____ SUPPLIED MATERIAL

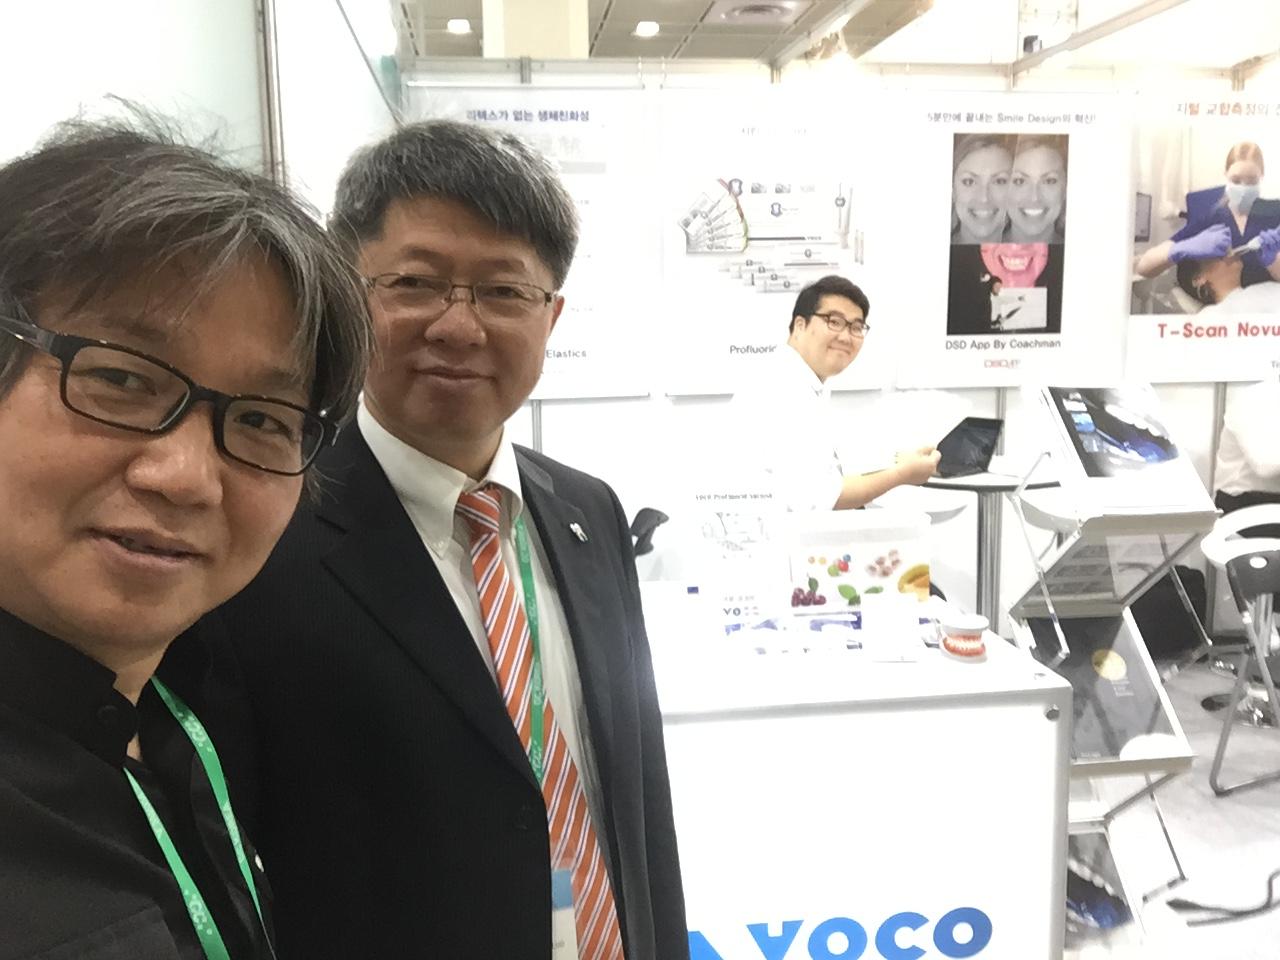 VOCO沃柯东亚区域经理骆博士(右)与VOCO沃柯韩国的特约经销商Yours Dental Co.,Ltd.负责人,一同参与了展会
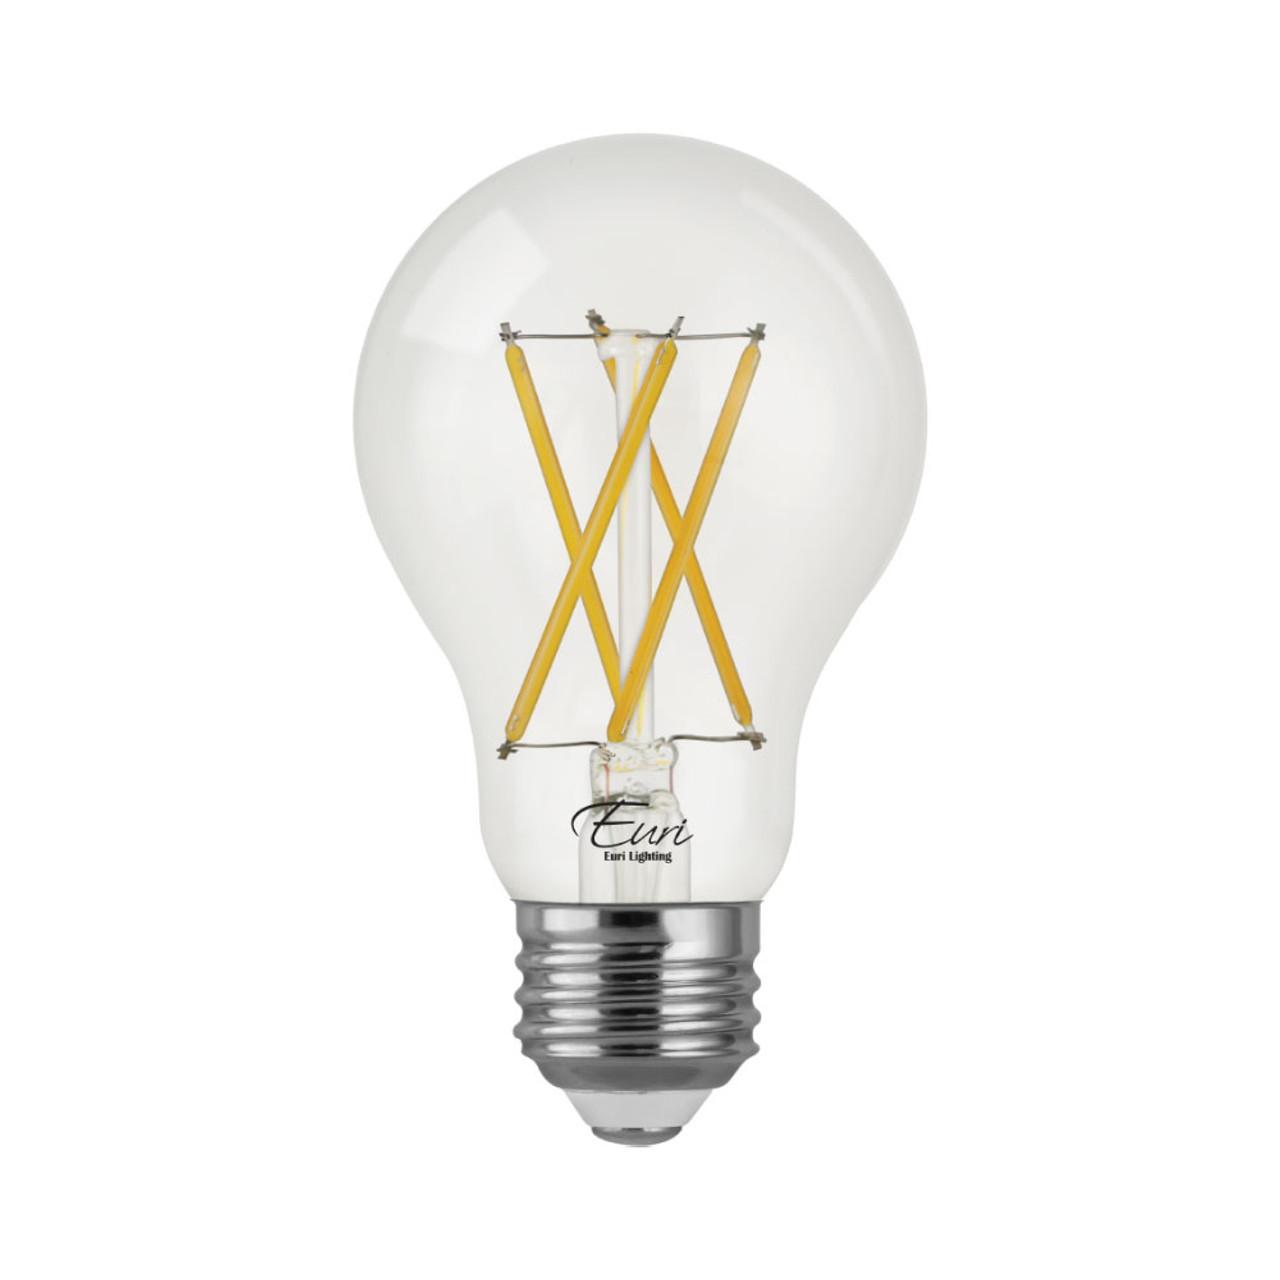 A19, Omni-Directional, LED Light Bulb, Dimmable, 8.5 W, 120 V, 800 lm, 3000 K, E26 Base (VA19-3000cec)
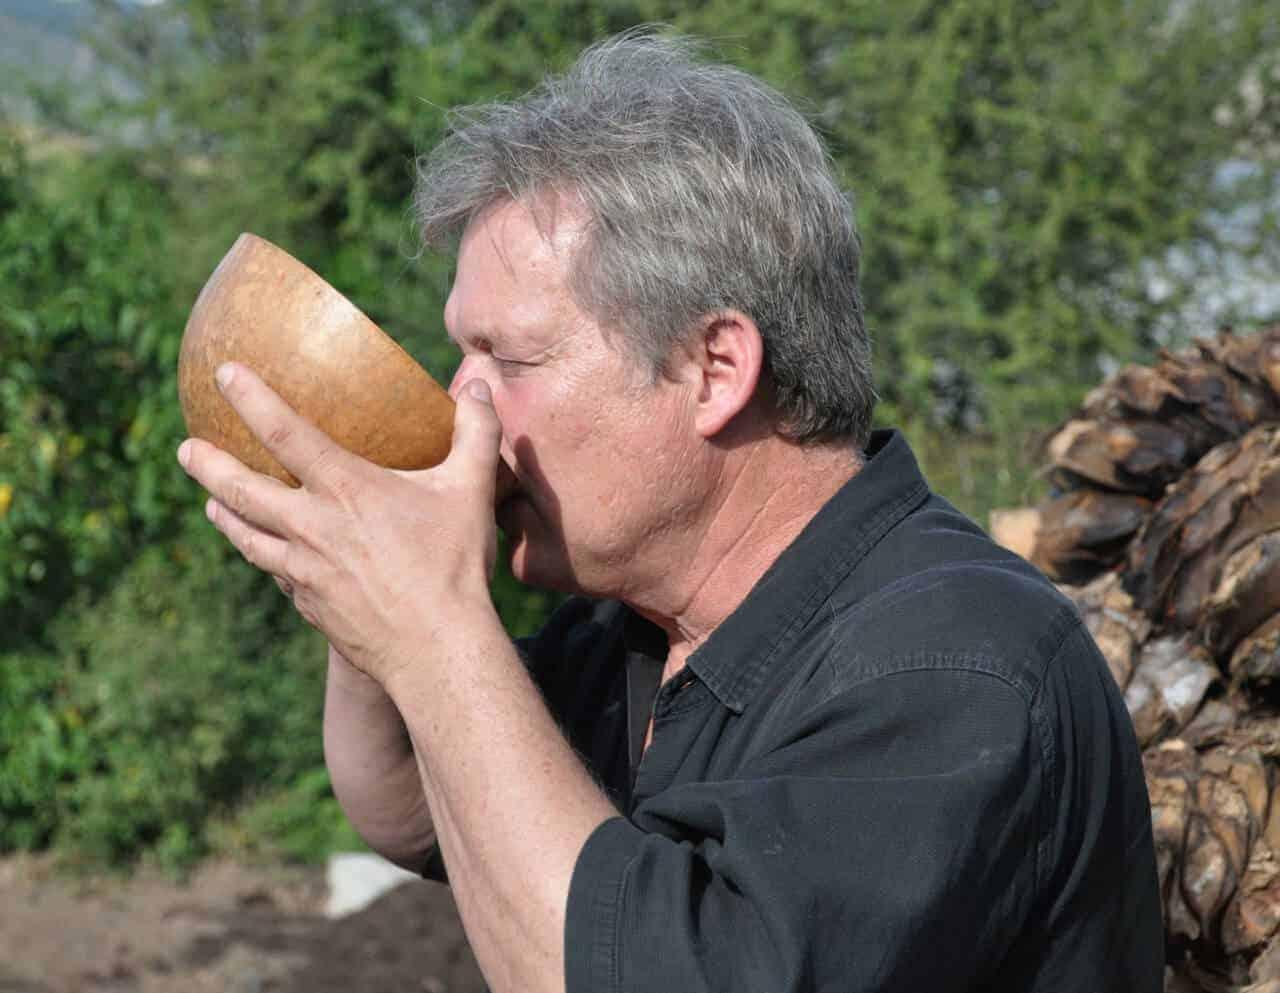 Sampling mezcal in a gourd in Oaxaca Mexico

________

• _THE PROBLEM_
Return every line above exactly, omitting images.

• _WORKED SOLUTION_
 VOCO沃柯东亚区域经理骆博士(右)与VOCO沃柯韩国的特约经销商Yours Dental Co.,Ltd.负责人,一同参与了展会
 A19, Omni-Directional, LED Light Bulb, Dimmable, 8.5 W, 120 V, 800 lm, 3000 K, E26 Base (VA19-3000cec)
 Sampling mezcal in a gourd in Oaxaca Mexico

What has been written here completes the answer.